• Time is the longest distance between two places

Posted: October 22, 2009

“Time is the longest distance between two places.”

- Tennessee Williams (playwright)

And so it seems to all of us at Neuralstem, and (from your emails) to many of you also. In late September the FDA approved our trial to treat ALS with our spinal cord stem cells. The distance we want to traverse of course is between that approval and the trial itself. The process for getting from here to there is not generally understood, so I hope to shed some light on it here. We are now in the process of having the protocol that the FDA approved for the conduct of the trial, approved by the Institutional Review Board (IRB) of Emory University where we expect to conduct the trial. Approving the trial at the site level is not a trivial step.

The FDA’s approval can be thought of as a scientific and medical exercise. And while they put a tremendous amount of effort into analyzing issues regarding patient safety, it is almost in the abstract. That is, their approval is not “site” specific. Technically the protocol can be carried out at any qualified site. A University’s IRB however must take into account its own ethical guidelines and patient specific rules and relationships when reviewing various parts of the protocol (such as the patient consent forms). And since ultimately the University is responsible for the patients, certainly they must take into account theirs own calculation of various risks. This is how it must and should be. The IRB’s main goal is promote safe and responsible human trials that balance the need for moving forward experimental therapies with the rights of patients. But the rights and the safety of their patients is their primary responsibility. And they have a very structured and time tested review system for making this evaluation. In the end, even if modifications to some parts of the existing protocol are required, it will be because that is what is really needed to properly balance these (sometimes) competing goals.
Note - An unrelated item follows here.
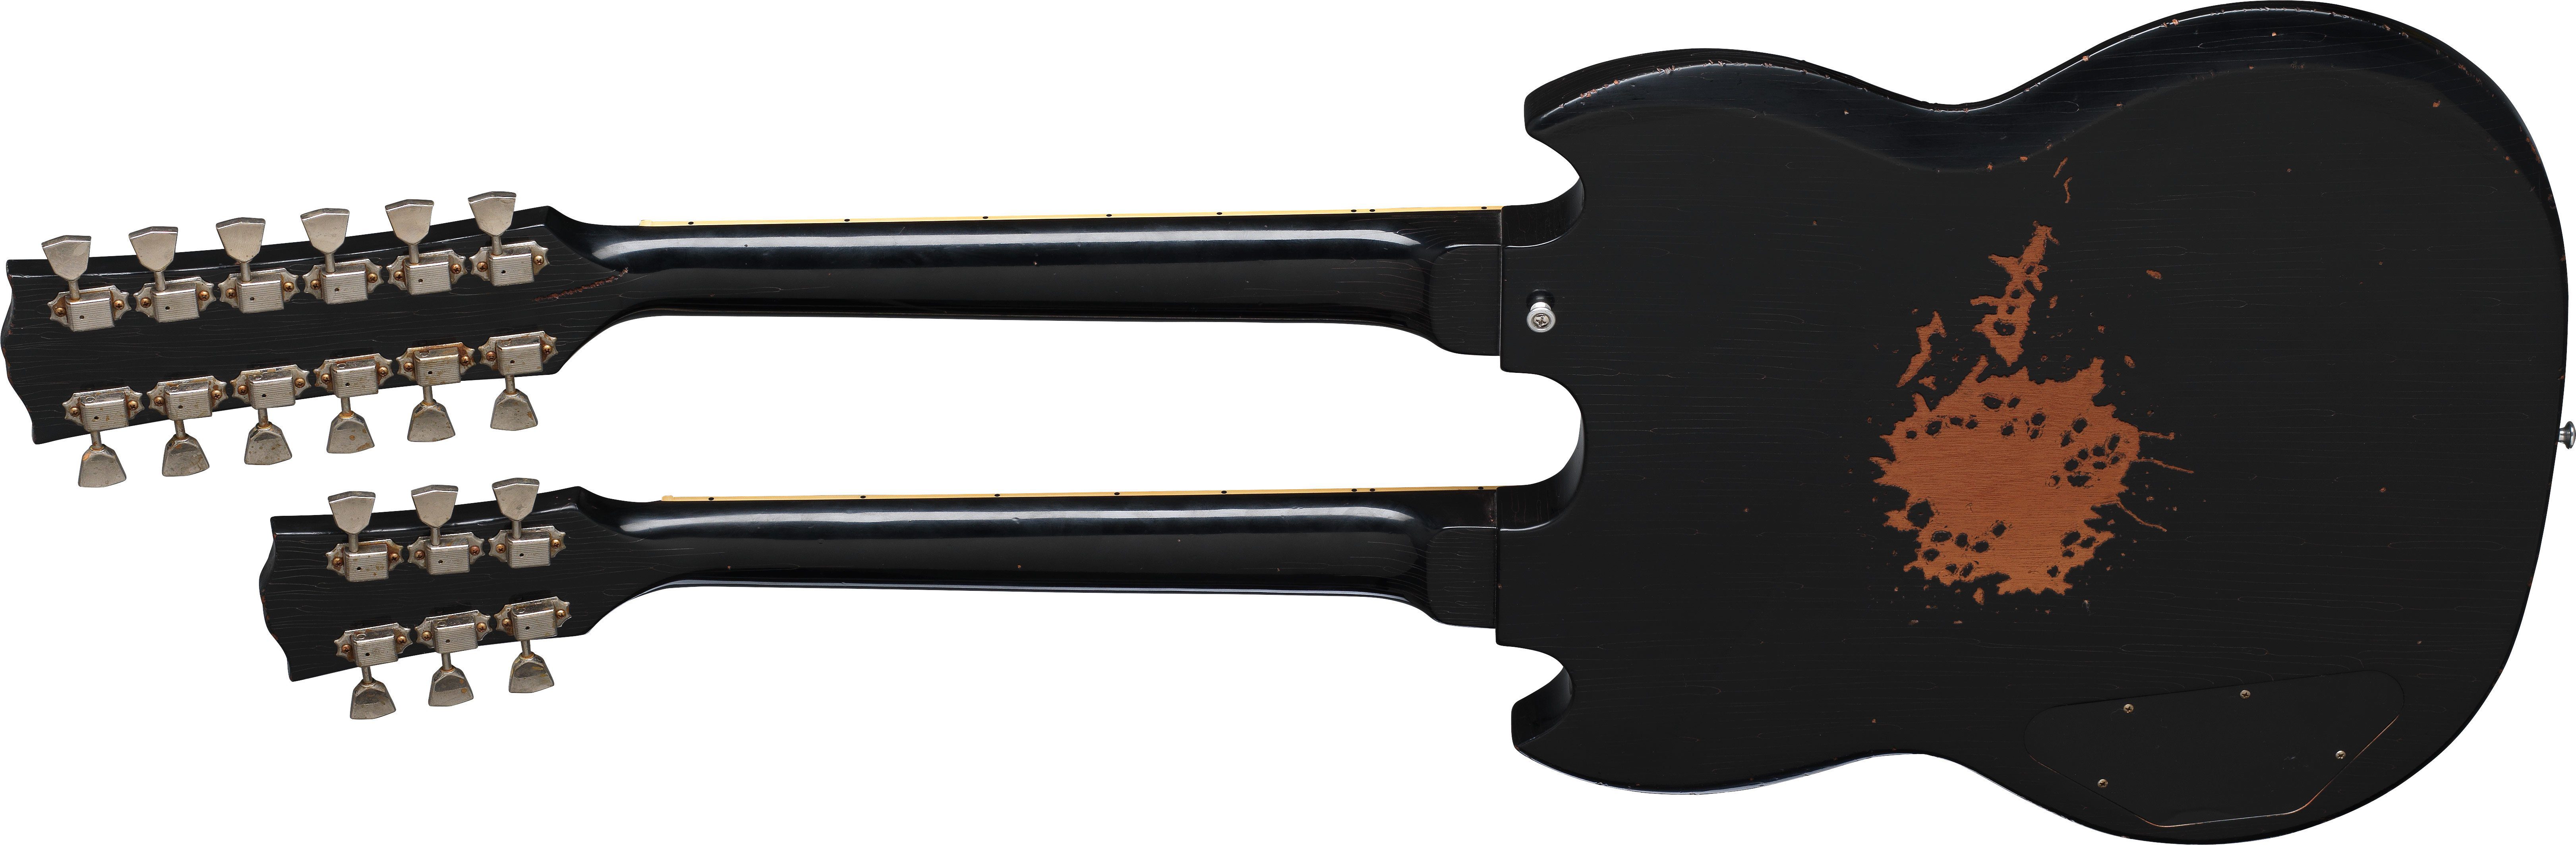 Gibson-Custom-Shop-Slash-Signed-1966-EDS-1275-Doubleneck-Replica-Aged-Ebony-back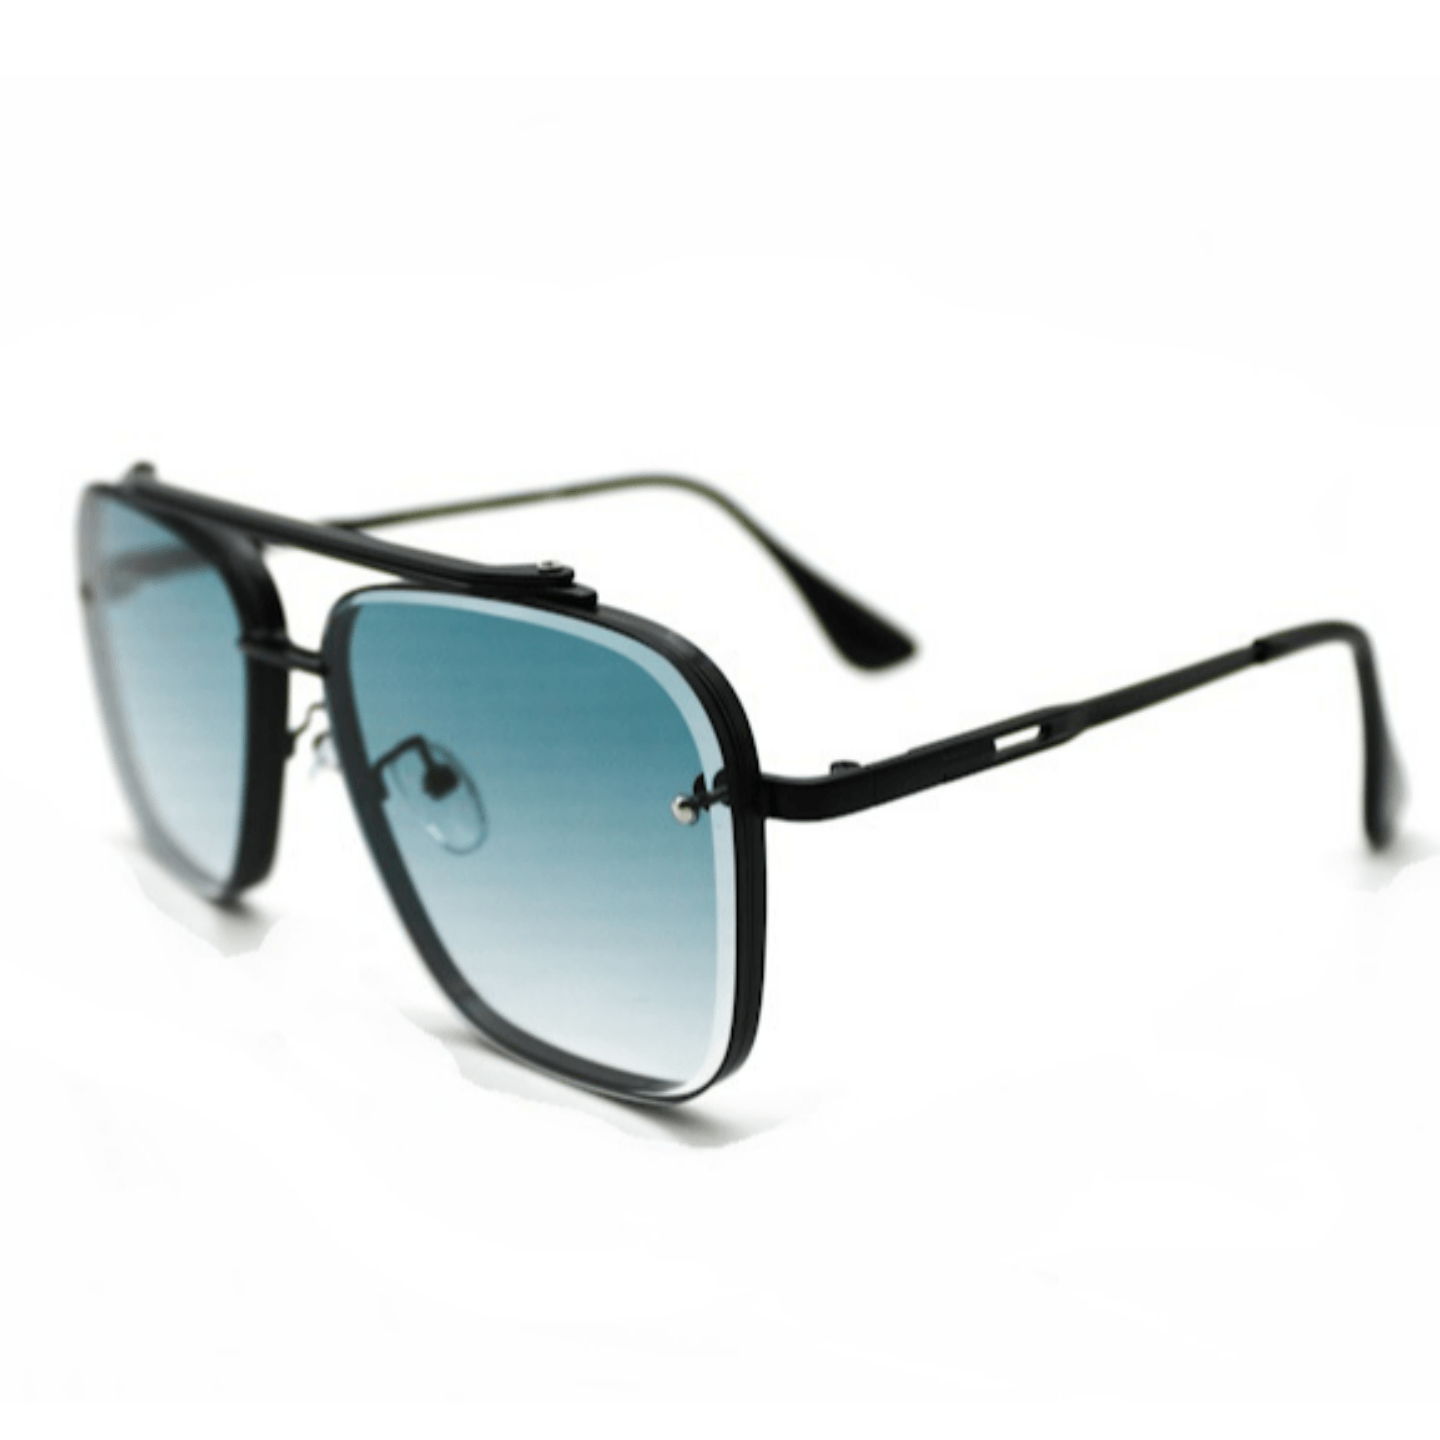 Black Sky Blue Sunglasses For Men and Women

If I could impress upon everyone one point, it would be that the IRB approval process is in every sense of the word, a collaborative process not an adversarial one. We are working WITH Emory’s IRB to make sure that we have “got it right”, and they are good partners. I can also tell you that together with the Emory trial team and their IRB, we are pushing the system as hard and as fast as it can be pushed without threatening the quality and integrity of the review process.
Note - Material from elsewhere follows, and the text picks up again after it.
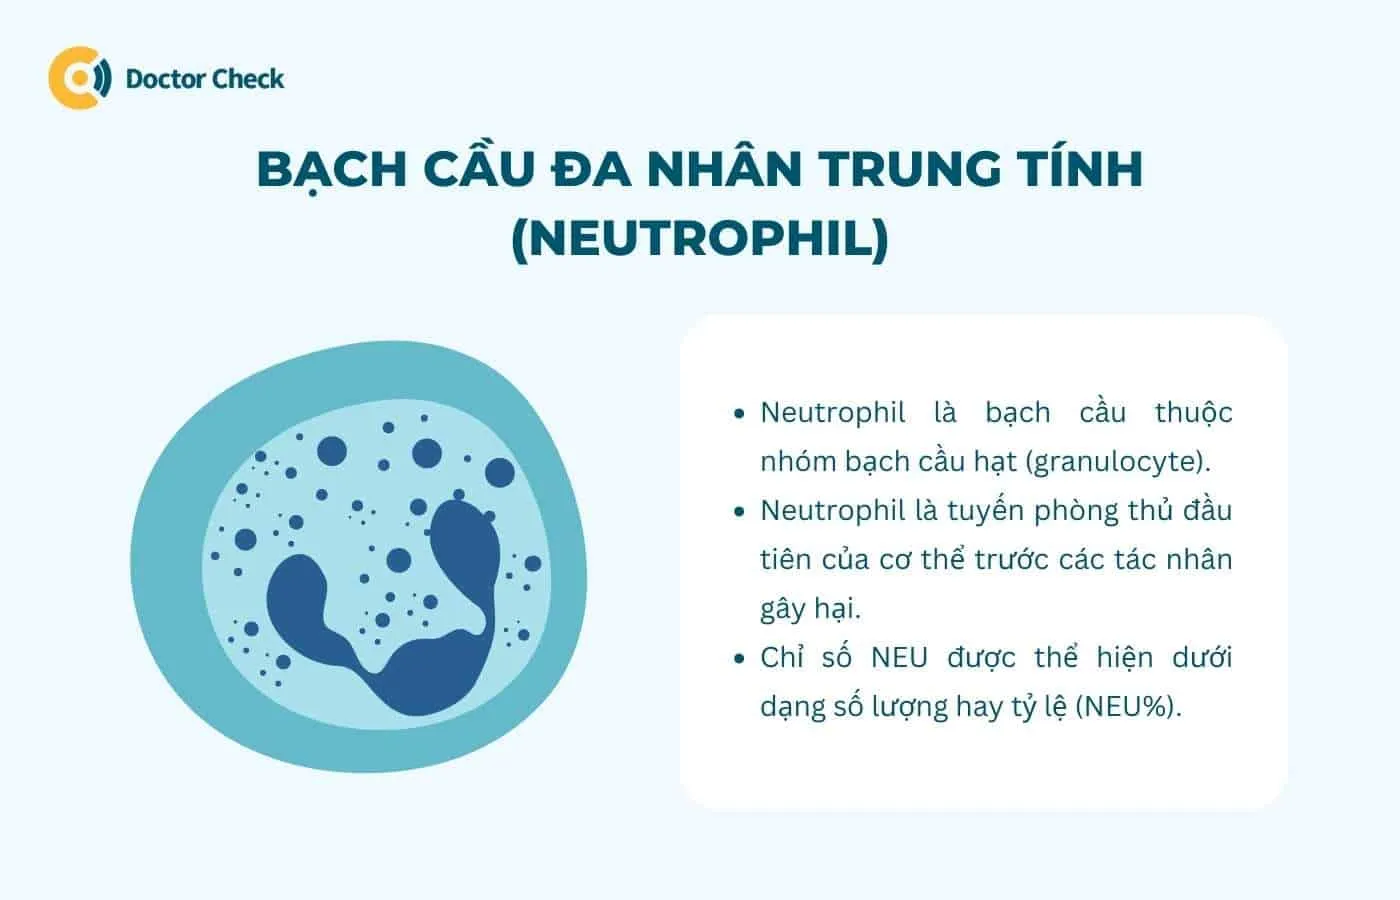 Bạch cầu đa nhân trung tính (neutrophil) là gì?

Everyone involved in this trial, from Neuralstem to the Principal Investigators to the surgical team to the Emory IRB wants to move this forward as quickly as it can reasonably be done. I have stated publicly that I believed we would start the trial this year, and I still think that is the case. Yet to us, as well as to those of you in the ALS community, it does seem as though the wait is endless. Time, no matter whether it is measured in months or even weeks, is indeed the longest distance between any two points.